INSTRUCTIONS TO FOLLOW –
Within the records that follow, restate exactly the lines from the line with "Studio Urody Oliwia" down to the line with "Onlyfans Web Manga", including both. Omit the pictures.

THE RECORDS –
*****
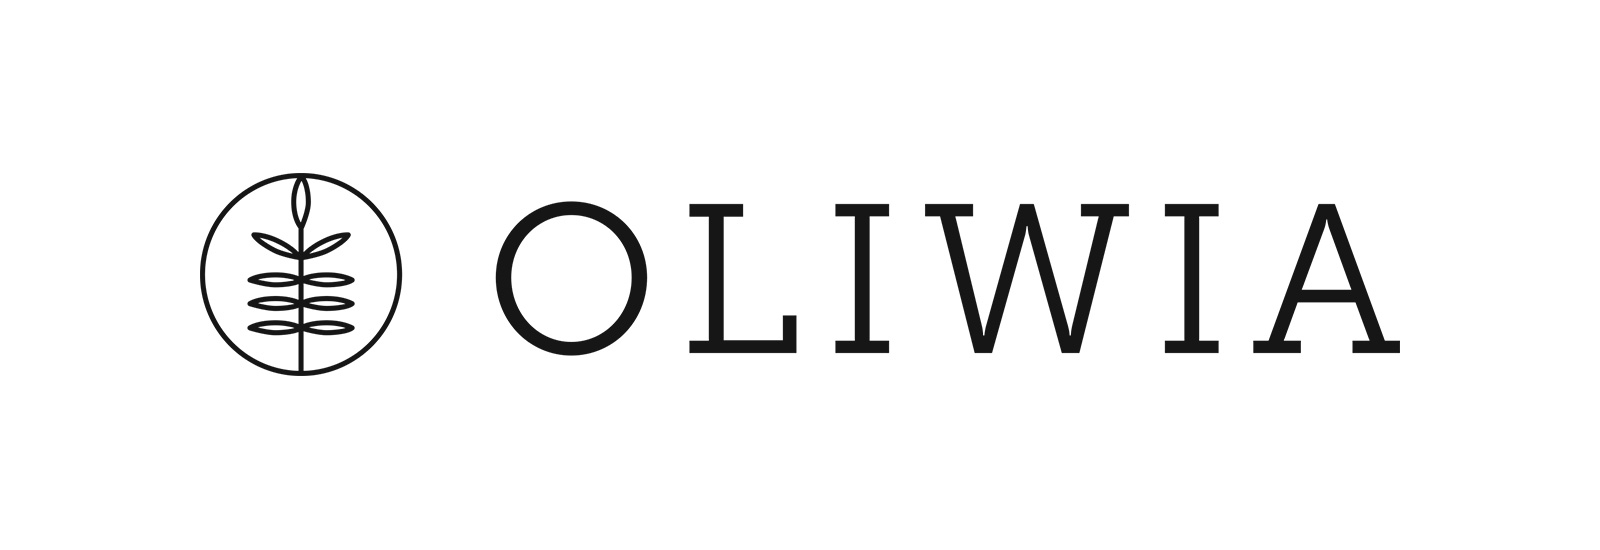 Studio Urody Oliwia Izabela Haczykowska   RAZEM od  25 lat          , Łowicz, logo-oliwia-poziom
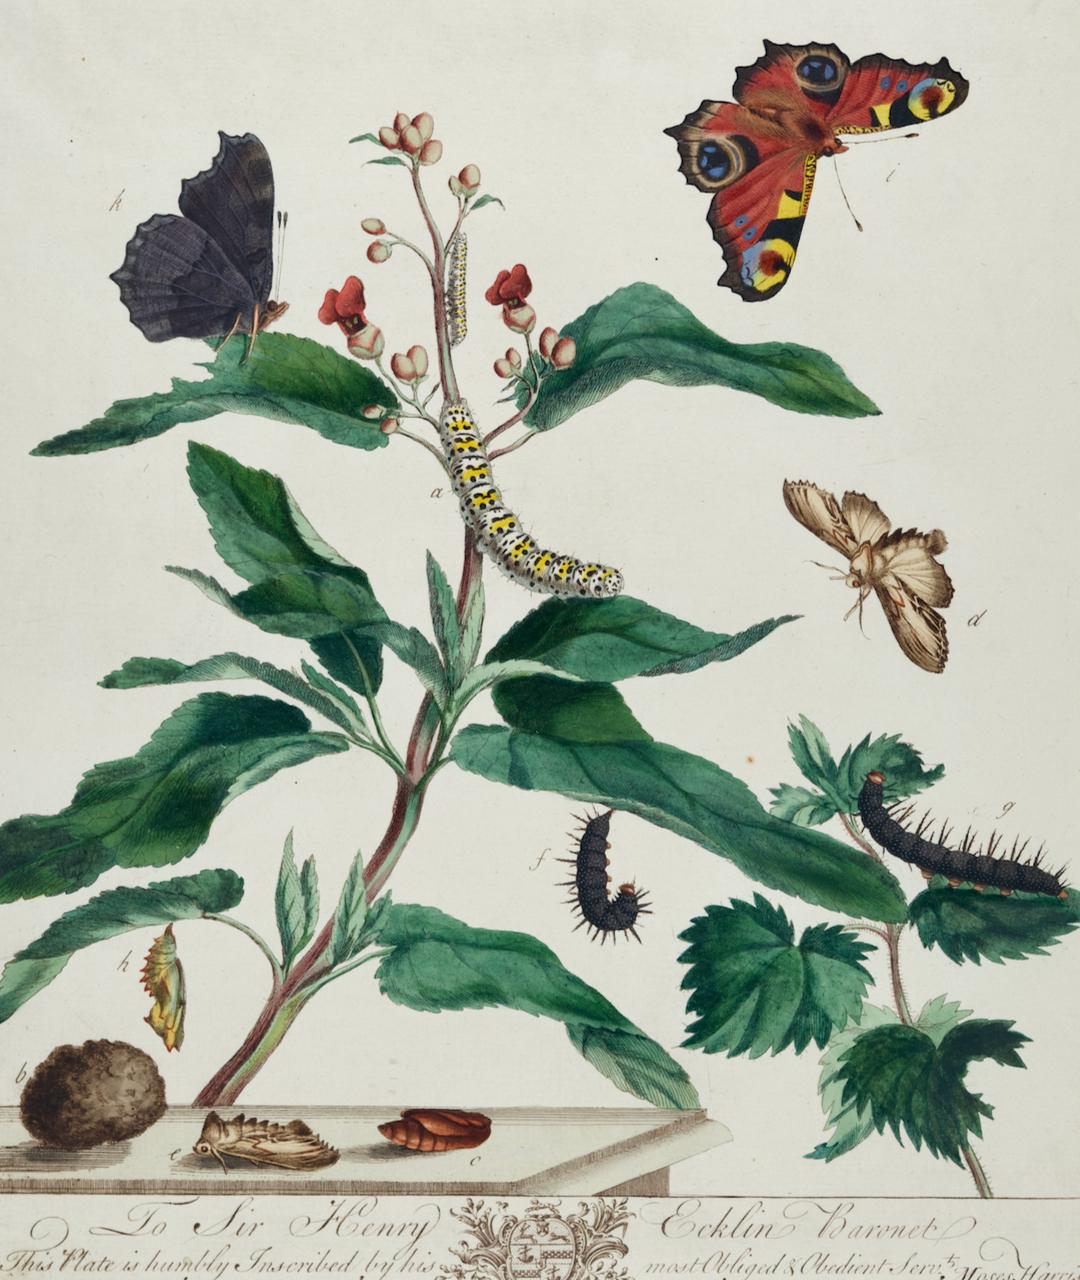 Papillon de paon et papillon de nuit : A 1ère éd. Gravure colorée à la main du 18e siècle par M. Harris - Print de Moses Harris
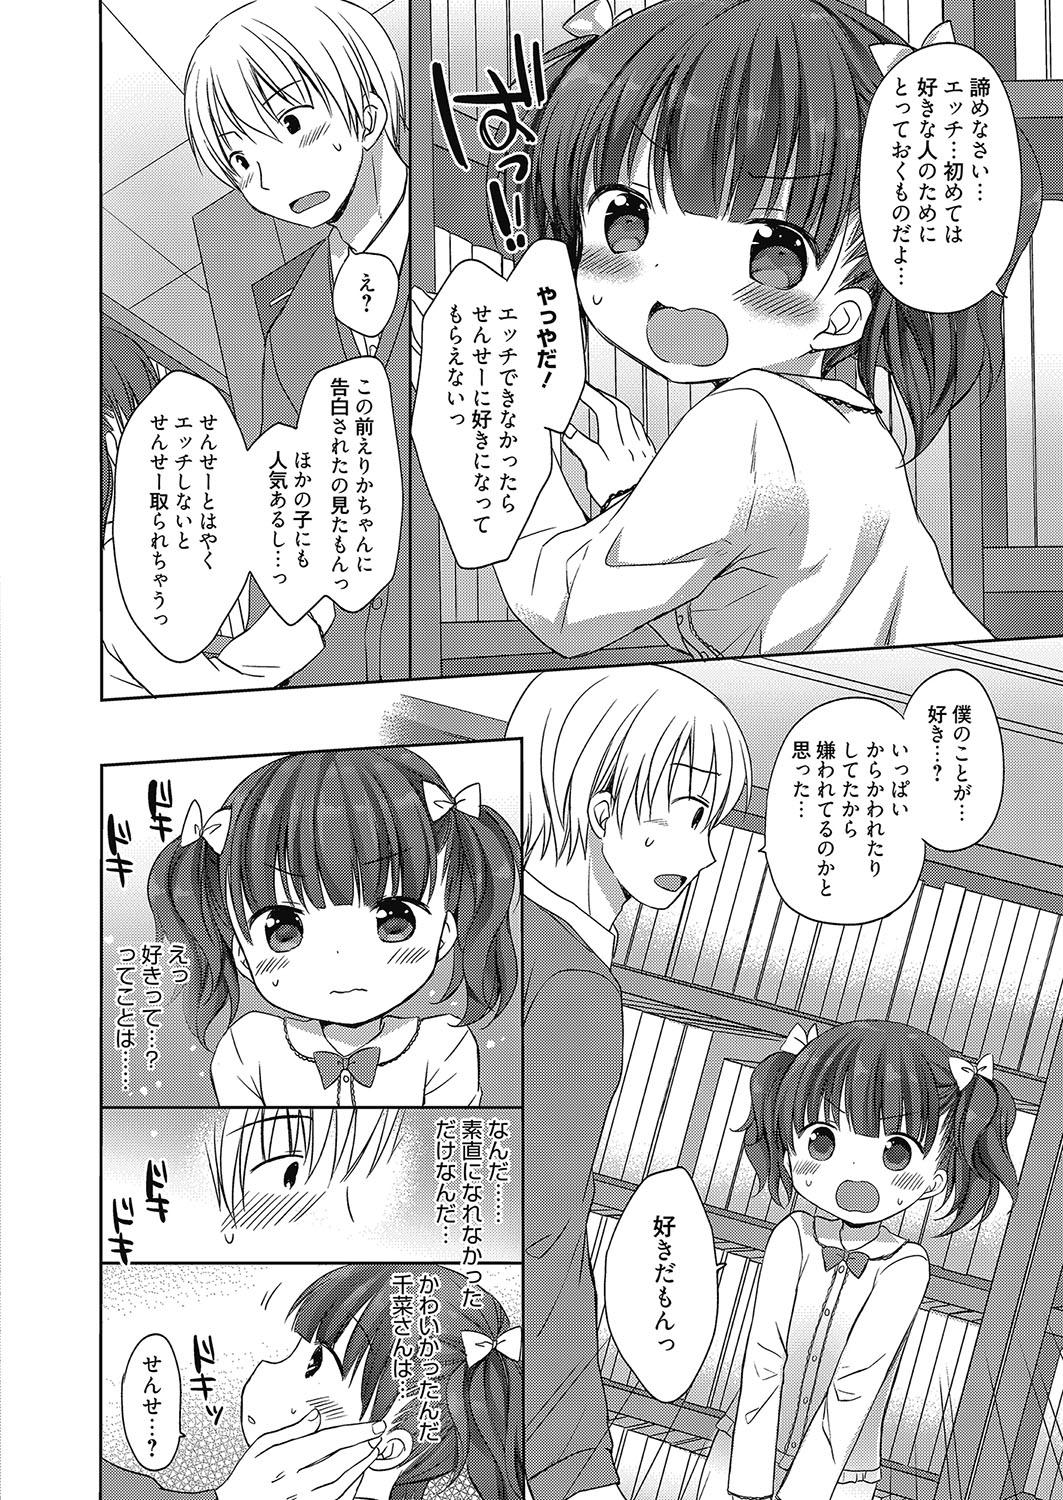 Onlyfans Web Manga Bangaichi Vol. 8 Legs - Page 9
*****
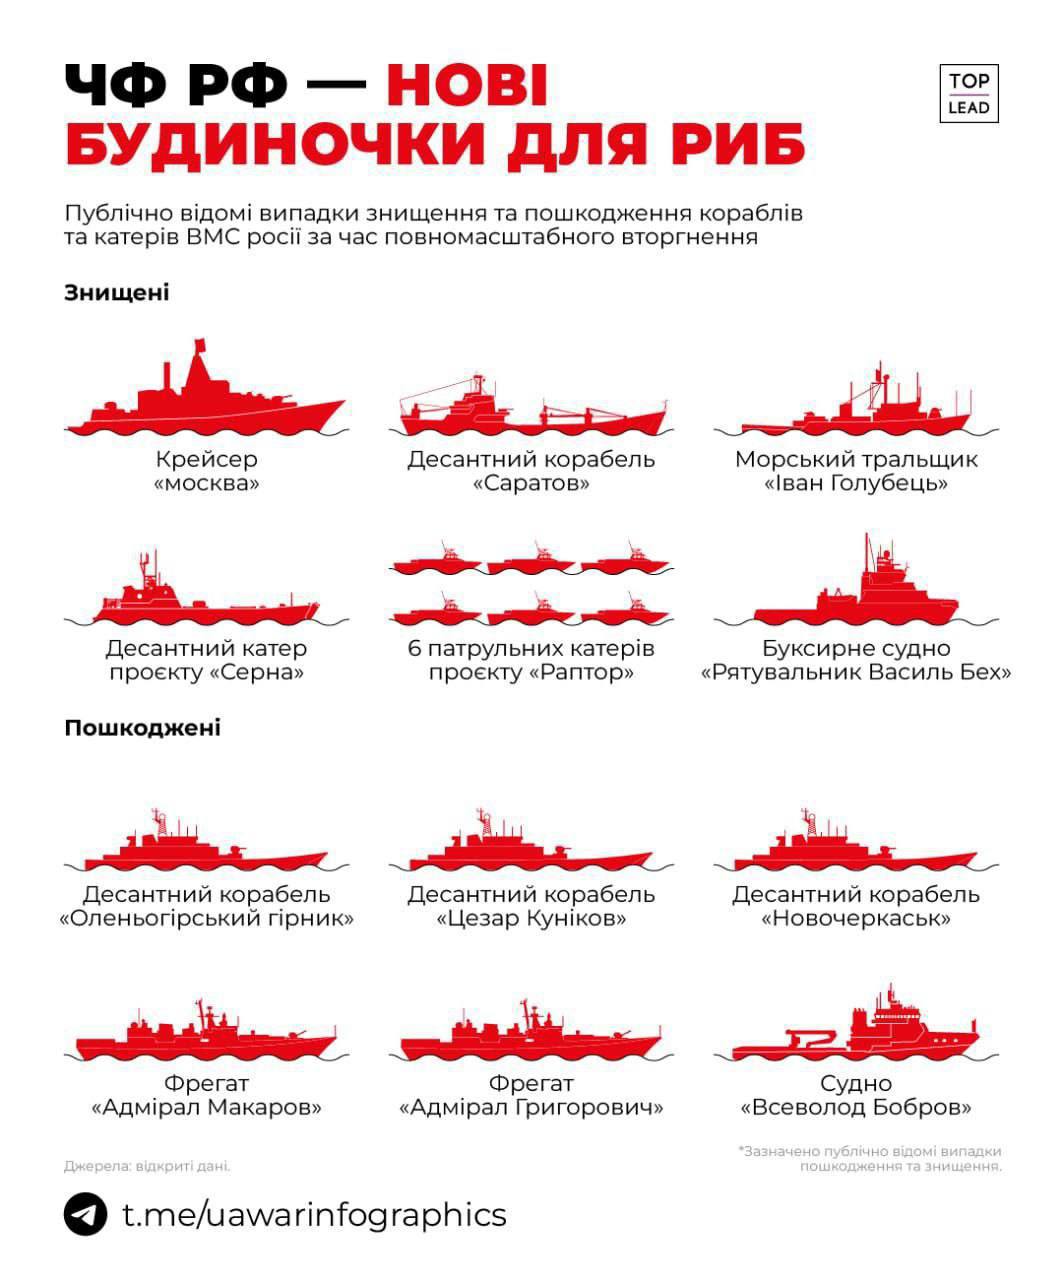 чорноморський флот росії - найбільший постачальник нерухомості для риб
*****
TASK OUTPUT –
 Studio Urody Oliwia Izabela Haczykowska   RAZEM od  25 lat          , Łowicz, logo-oliwia-poziom
 Papillon de paon et papillon de nuit : A 1ère éd. Gravure colorée à la main du 18e siècle par M. Harris - Print de Moses Harris
 Onlyfans Web Manga Bangaichi Vol. 8 Legs - Page 9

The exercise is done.